When the system is the abuser: Investigating injustice in child welfare
Three veteran investigative reporters who’ve worked the child welfare beat will share with you the methods they’ve developed to explore systemic problems in the agencies running the foster care system. Carol Marbin Miller will discuss how to investigate the most grievous cases, child deaths. David Jackson will offer guidance on how to get confidential records from professionals whose careers may be at stake. And Karen de Sá will discuss other metrics reporters can use to evaluate child well-being, including mental health treatment and law enforcement intervention for behavior management.

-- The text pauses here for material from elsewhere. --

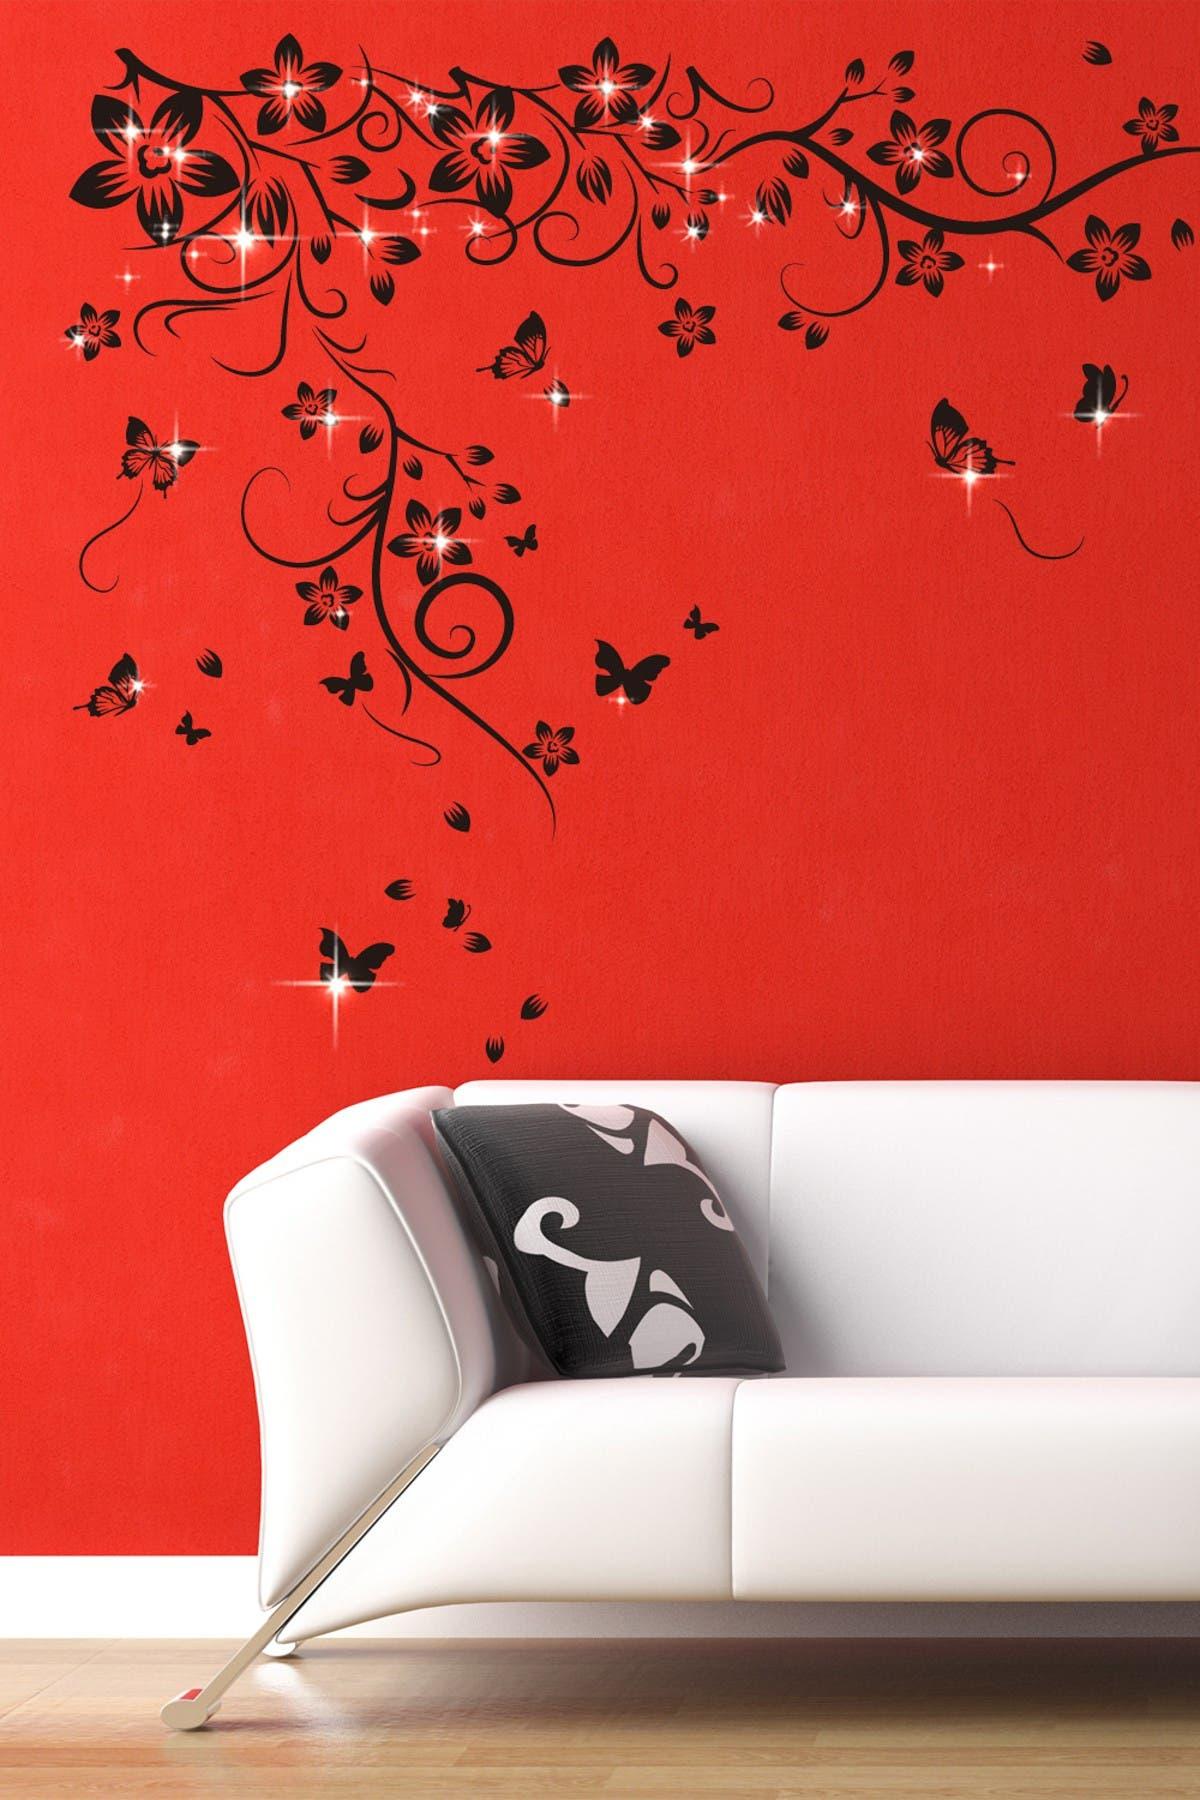 Image of WalPlus Black Swarovski Crystal Embellished Butterfly Vine Wall Sticker

Karen de Sá is an investigative reporter for The San Francisco Chronicle whose work has focused on child welfare, juvenile justice and social services. Her projects exposing abuses in foster care, prisons, the legislature and the courts have resulted in more than a half-dozen laws in California. She worked at The San Jose Mercury News for 18 years prior to joining The Chronicle's new investigative team in 2016.
At The Washington Post, David Jackson shared the 1999 Pulitzer Prize for public service for articles about citizens shot by police. At the Chicago Tribune he was a Pulitzer finalist 4 times, for exposing violence in residential facilities for youth, interviewing dangerous fugitives in foreign countries, for the series "How Troubled Kids Became Big Business" and for a probe of the Nation of Islam. @poolcar4
Carol Marbin Miller is a senior investigative reporter for the Miami Herald, where she has written for almost 20 years about child welfare, juvenile justice, mental health, disabilities and elders. Marbin Miller graduated from Florida State and the Columbia University Graduate School of Journalism. She has been awarded the Goldsmith Prize, Selden Ring Award, Worth Bingham Prize, Heywood Broun Award, Pulliam First Amendment Award and is a two-time Pulitzer finalist.